**THE TASK:** Line by line, restate the material word for word, omitting any image.

**THE DATA:**

[Start of Attachment]

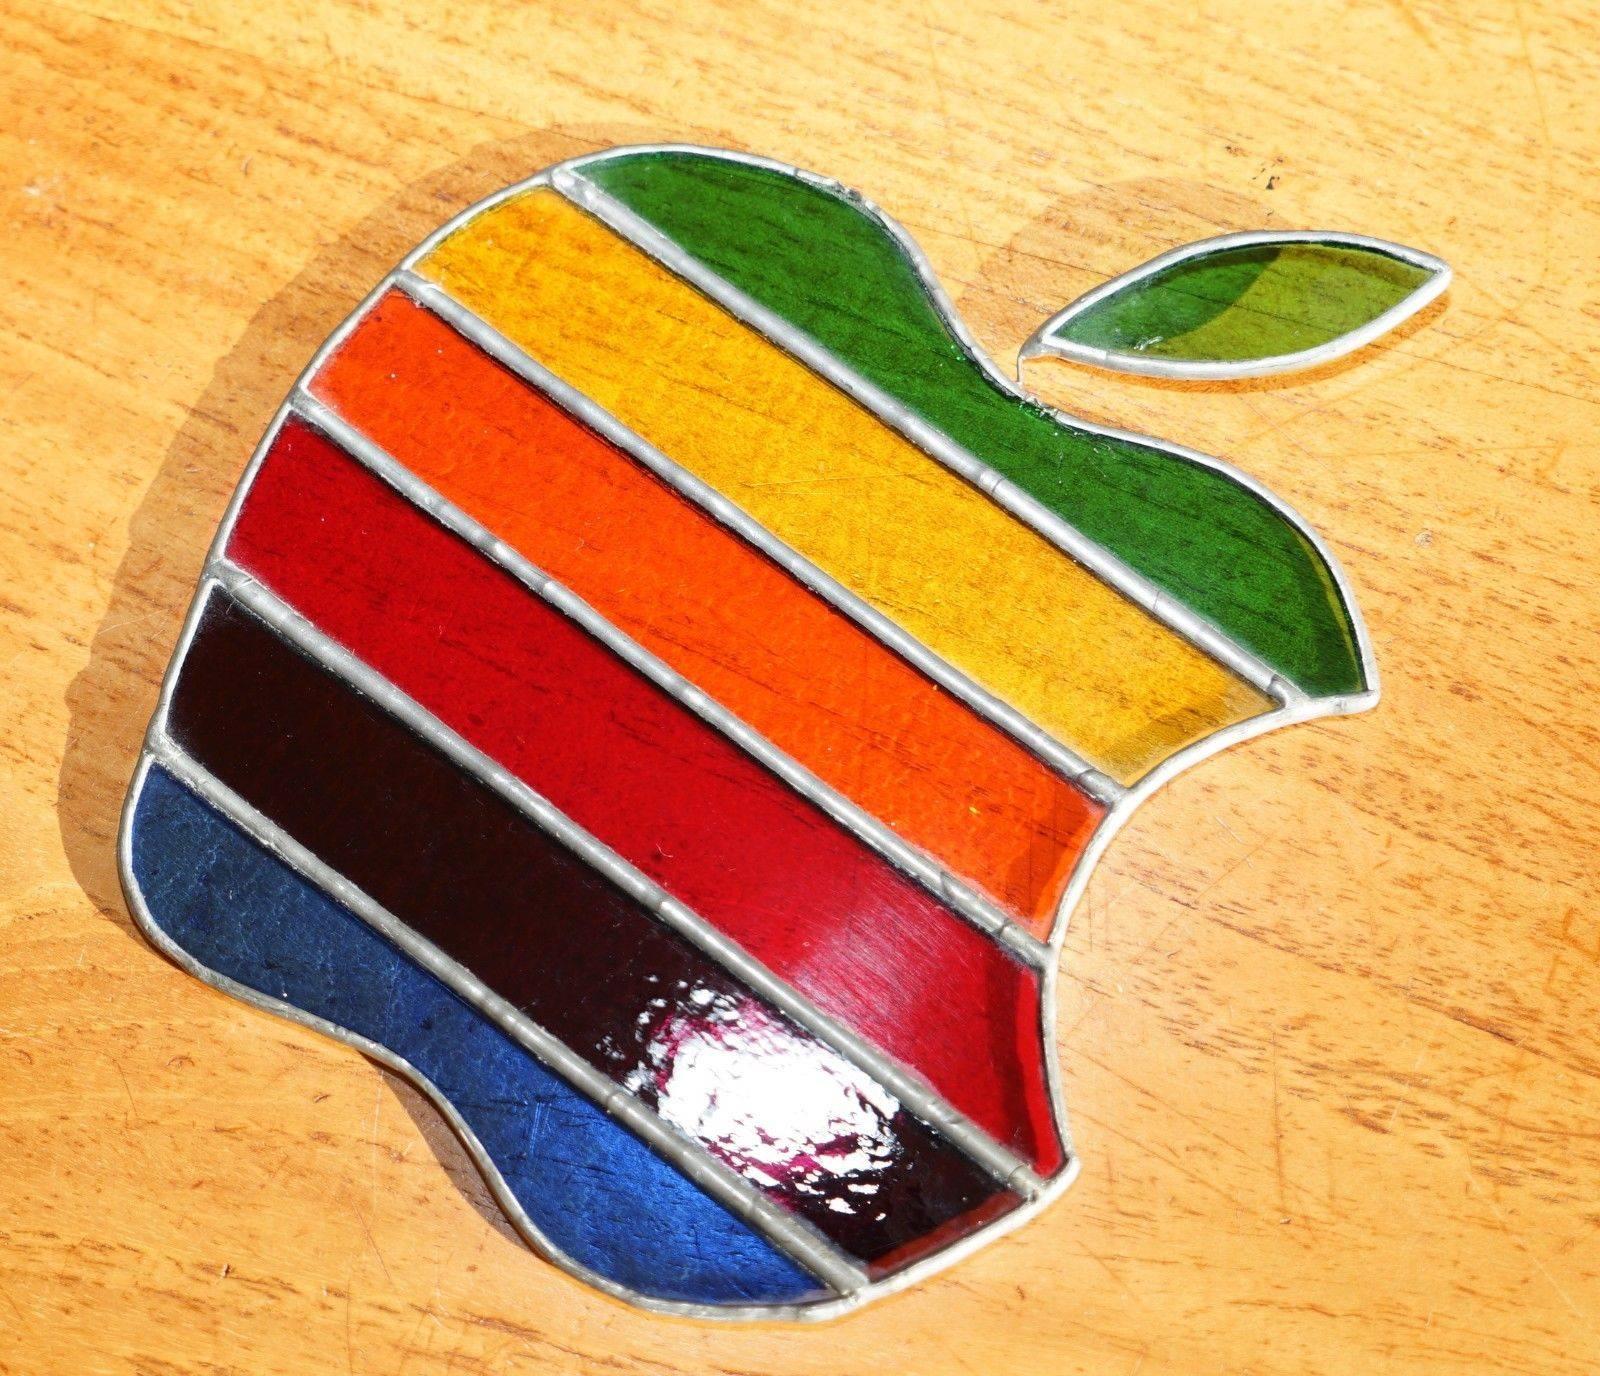 American Classical Rare Apple Mac Computers Memorabilia Stained Glass Logo & Stand iPhone iPad iPod
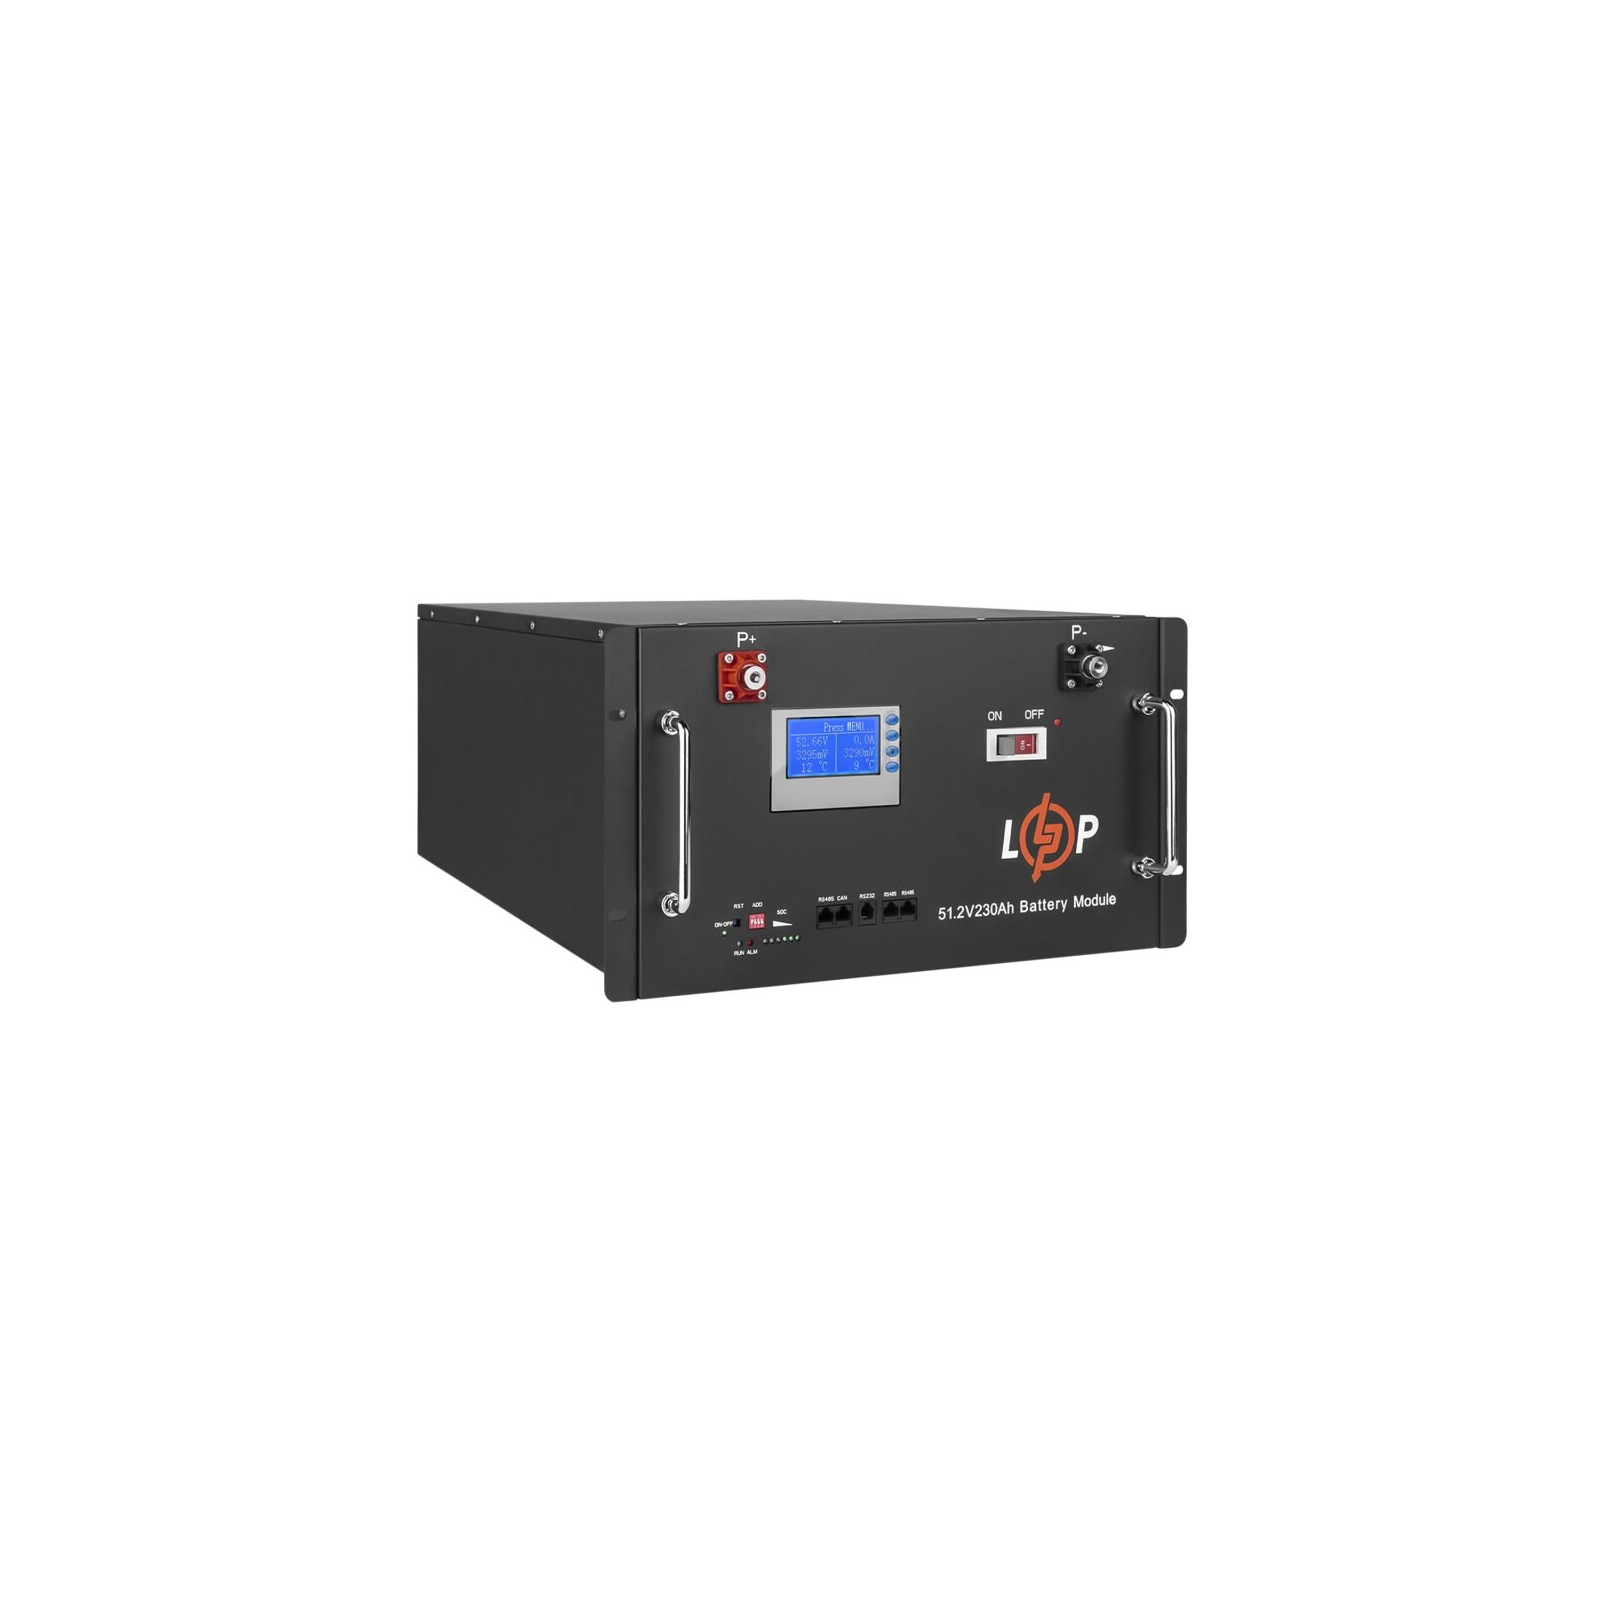 Батарея LiFePo4 LogicPower 48V (51.2V) - 230 Ah (11776Wh) (20331)
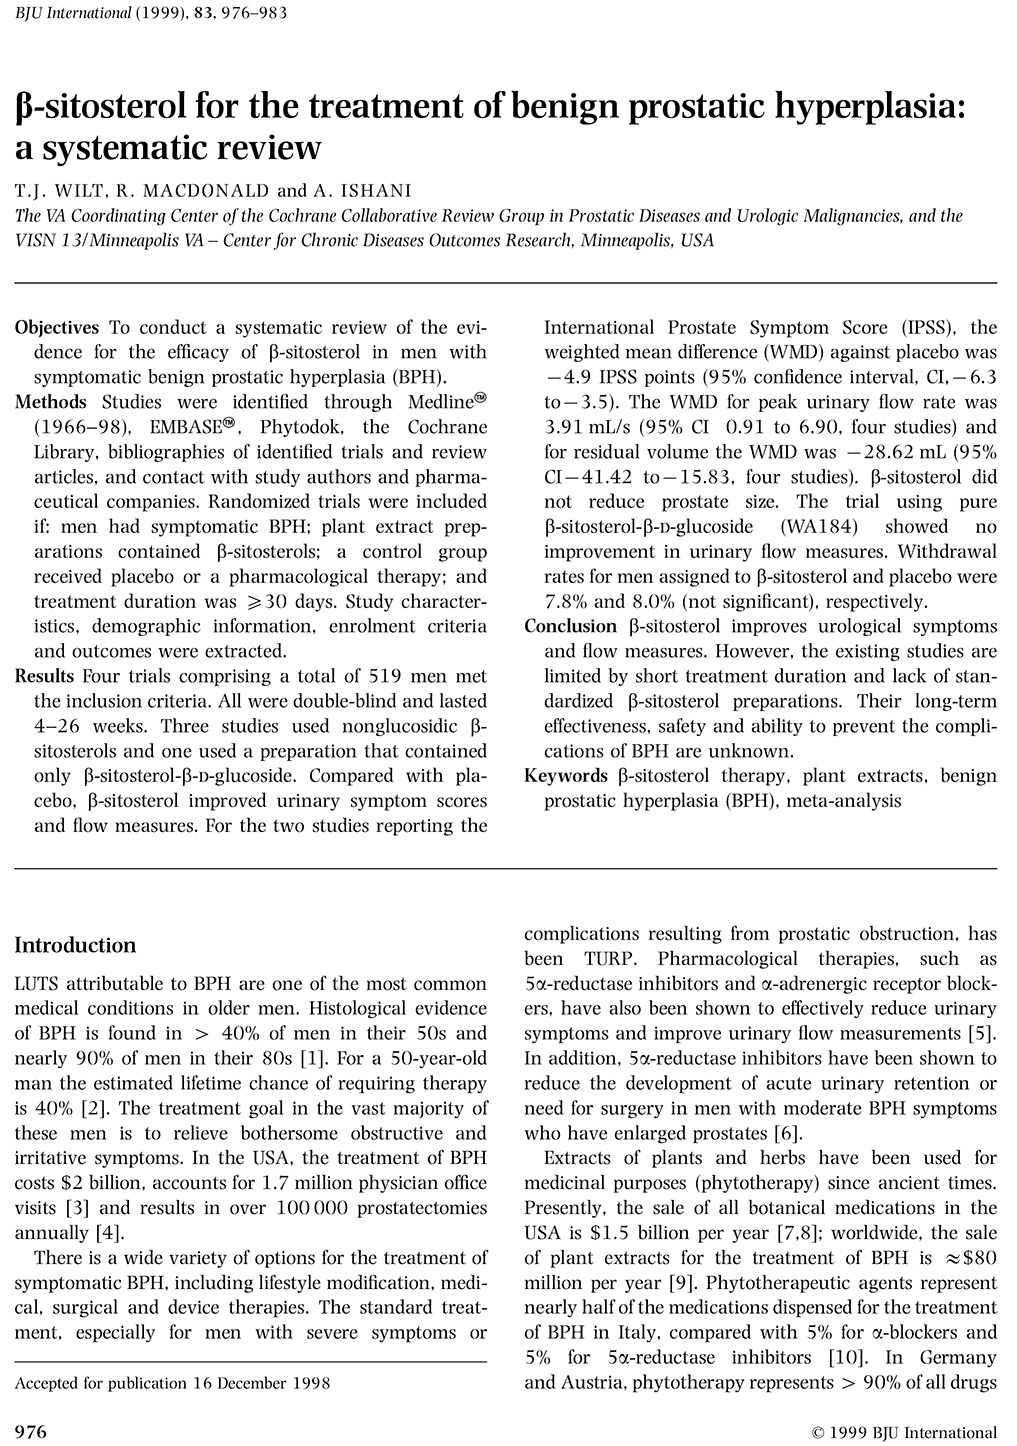 Beta-Sitosterol - Prostate Review PDF

[End of Attachment]

**EXERCISE RESPONSE:**
 American Classical Rare Apple Mac Computers Memorabilia Stained Glass Logo & Stand iPhone iPad iPod
 Батарея LiFePo4 LogicPower 48V (51.2V) - 230 Ah (11776Wh) (20331)
 Beta-Sitosterol - Prostate Review PDF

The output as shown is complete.